We are quite on the edge with the memory our application and we are starting to wonder how we can make it use less.
Thank you
Hello there, here are a few commands I’ve used in the past to check memory usage, all of them should be run in the hostOS:
-
cat /proc/meminfo
to get an overview of used memory -
top
, then pressshift-m
to order by memory usage (VSZ). This allows you to see process usage
A couple other commands that I think are very useful:
-
balena run --rm -it -v /var/run/balena-engine.sock:/var/run/docker.sock:ro wrboyce/utils:ctop
: this one will show you usage by container -
balena run --rm -it --pid=host wrboyce/utils:htop
: like top but nicer
Note this last two commands will pull additional docker images (source code here) from dockerhub. While they are fairly small (about 10MB) this might not be acceptable if your device is on a 4G connection or short on space. Be sure to take this into consideration and remove the containers once you are done if needed.
Thanks for the answer.
By running
…
wrboyce/utils:ctop:
we got this:
but in the Dashboard this is what it is shown:
What is occupying the most of the space? balenaOS ?
Hello, Could you please post the output of htop too (from the host os)?
From that, It looks like balenaEngine (balenad) is consuming the largest portion of memory. However, you may want to order the results by MEM%, to see all the high-memory processes (currently results are ordered by CPU%)
Here it comes the results ordered by MEM% usage.

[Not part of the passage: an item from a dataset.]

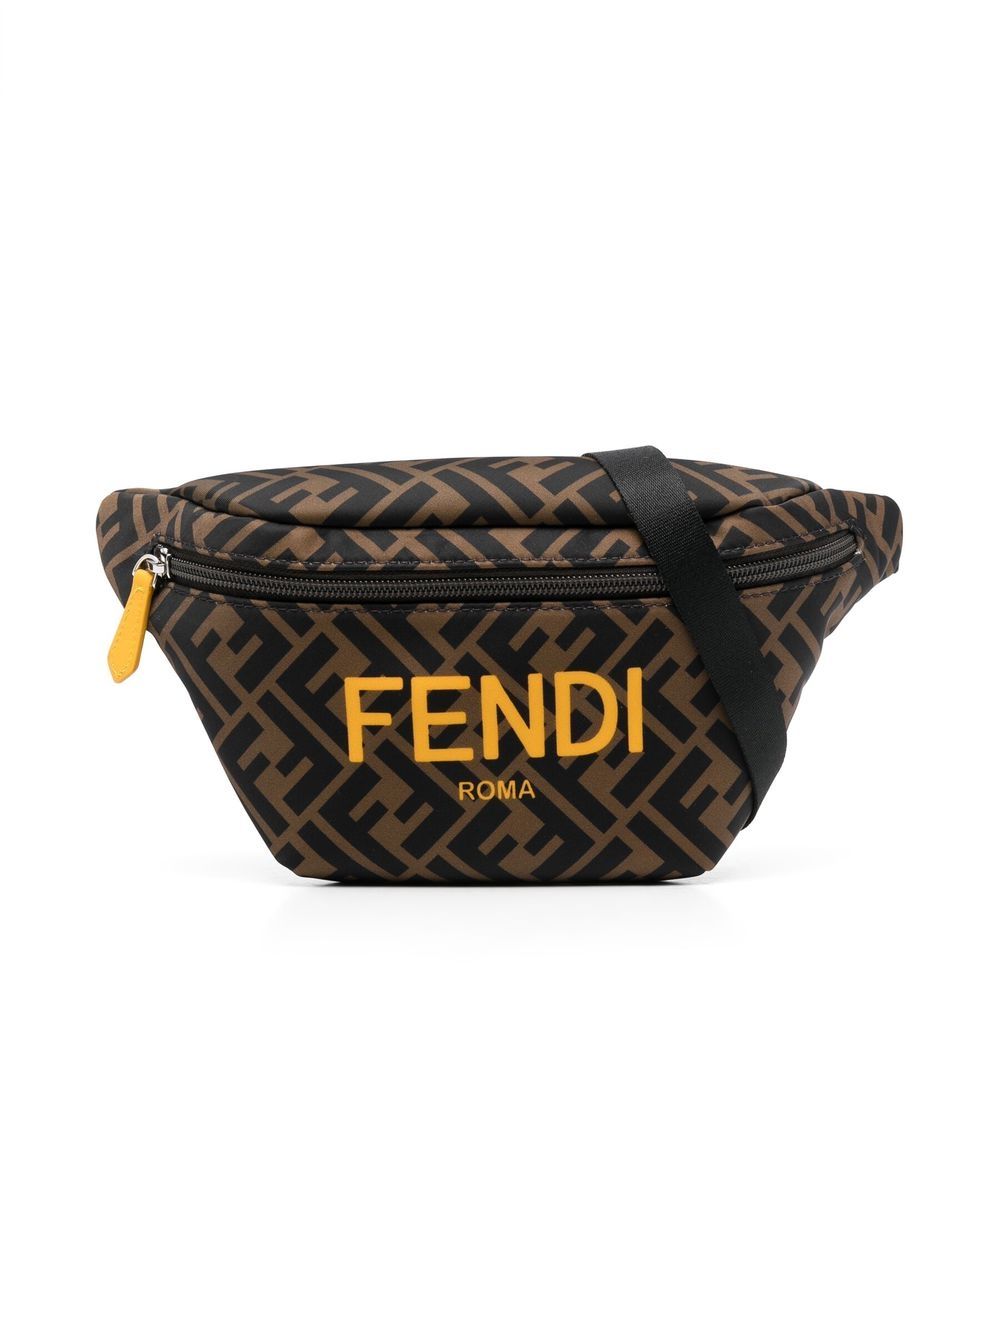 Fendi Kids' Monogrammed Zip-up Bag In Brown

What do you recommend for freeing up some memory in this situation?
Thanks
Glancing at the various screenshots you have provided, I see multiple Chromium processes, MySQL, Redis, Node, Fluent, Gunicorn, PiGPIO, and a few more services running. Assuming they are all needed, I am not entirely sure you can lower your memory all that much, you are in the 500 to 700 mb range, which sounds about right (if not actually quite frugal already) for everything you have running. Further memory reductions may not come from killing services, but rather, from optimizing your code / applications. Hope that helps, thanks.

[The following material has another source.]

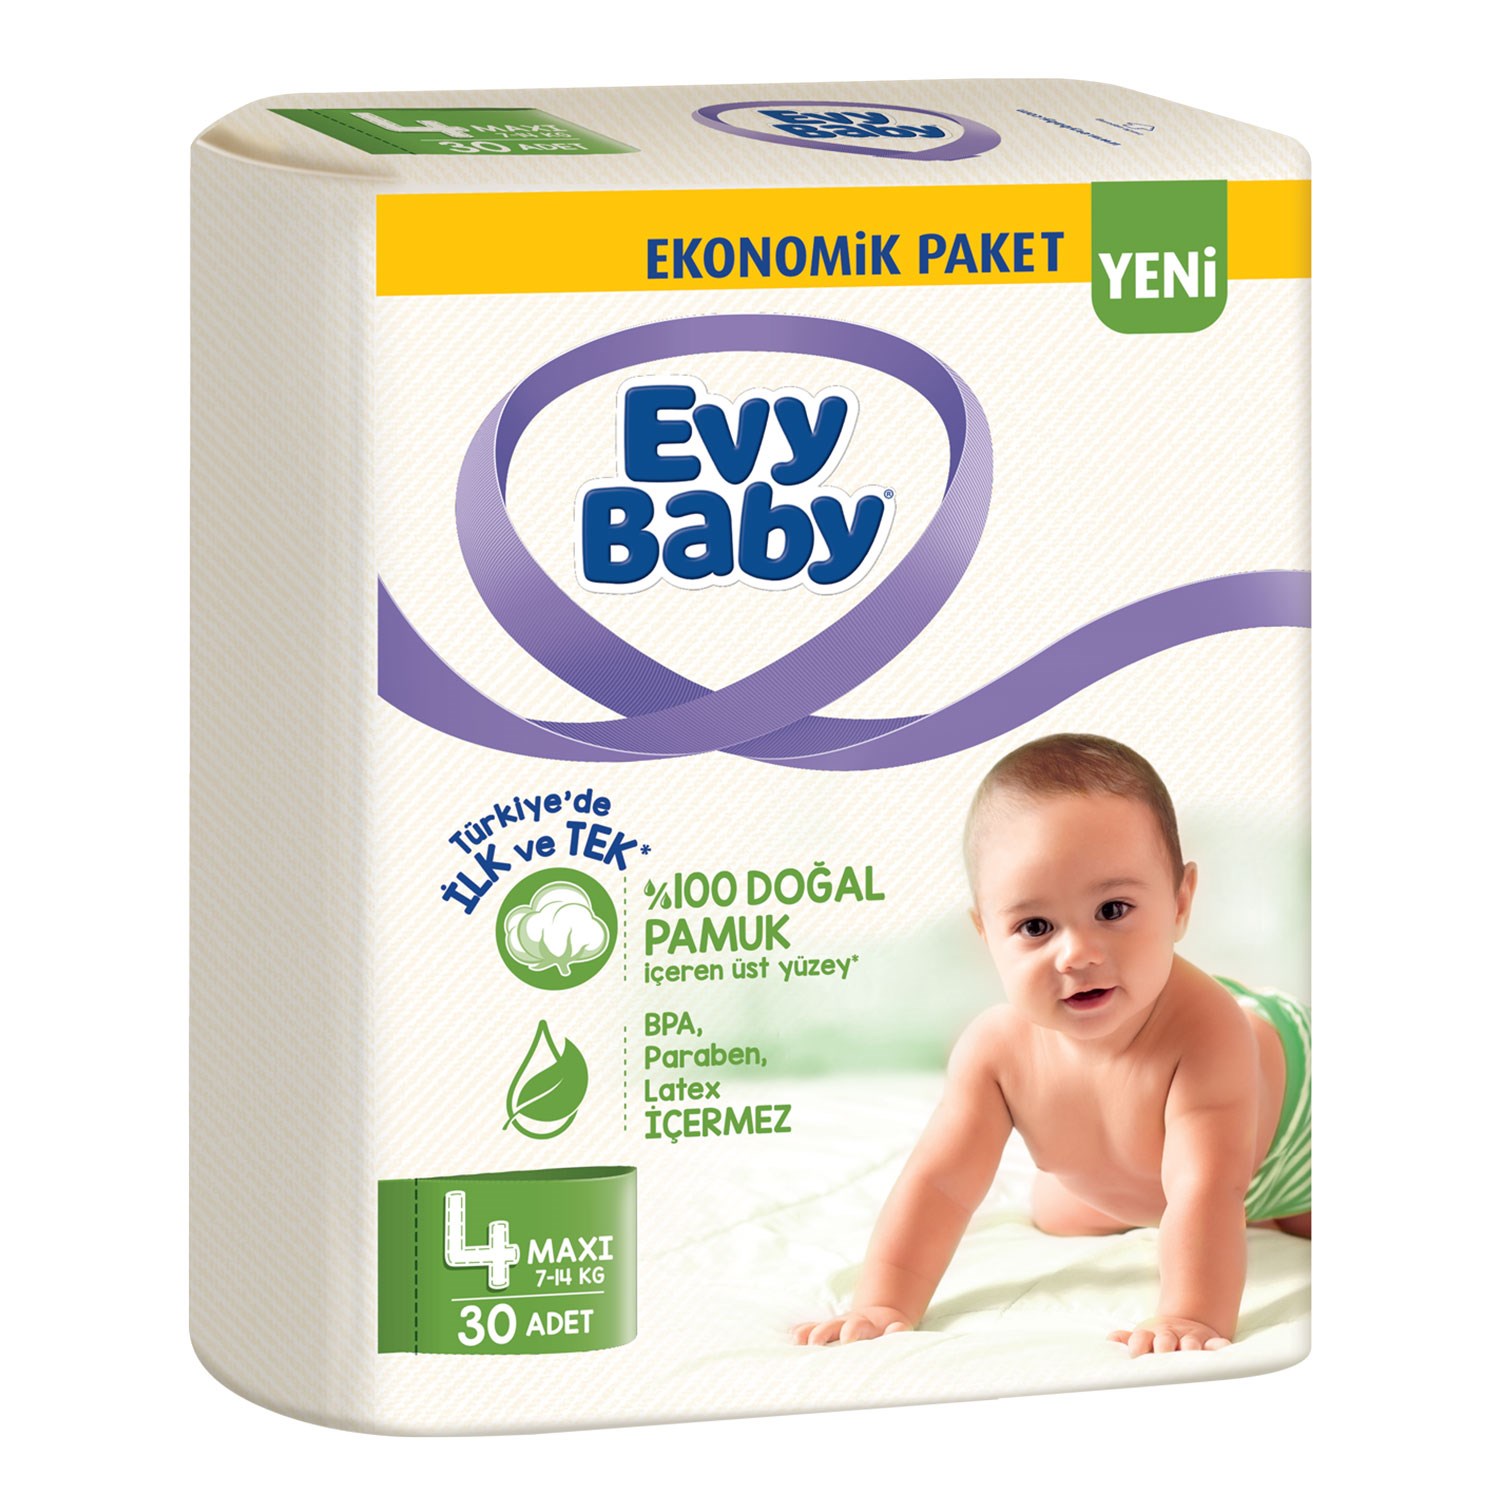 Evy Baby Bebek Bezi 4 Beden Maxi 30 Adet 7-14 Kg

We should not be running multiple instances of mysqld or chromium. Normal “top” does not show all these “duplicate” processes, although this htop provided by tmigone does. But even balenad shows up like 20+ times when running that one. (Typing “H” hides those duplicates, like in the last screenshot.) Is this a concern?
Pushes seems to hang (somewhat sporadically) for us after a while. We have a vague idea that this is related to memory usage, simply because it seems to work consistently when the device has more memory available. (We’ve been reading the memory usage from the dashboard, which does not seem to fully agree with top/htop.) We just re-flashed the device and pushed the same code to it, and it does not use the same amount of memory now. Plus, pushes has worked well this far.
There is one mention though. This device that we are using to push constantly is running in local mode. Maybe it is important, maybe it is not.
Hi there – one thing we should clarifiy is that htop behaves a bit differently from top, in that it shows user threads by default. The H key toggles the display of threads. You can read a bit more about the difference between processes and threads here, but the output you describe sounds correct – multithreaded applications are not at all uncommon.
It’s possible that you may see some difference in memory usage in local mode, but I would not expect this to be signficant.
Given the avenues you’ve investigated already, it does seem likely that code or application optimizations would be your best best, as my colleague recommended.
Thanks,
Hugh
How did you get htop
installed in the Host OS?
Hi Andrew,
Check Tomas’ guide at the beginning of this thread, he goes into how to run htop
in the host’s PID namespace with some pretty good detail.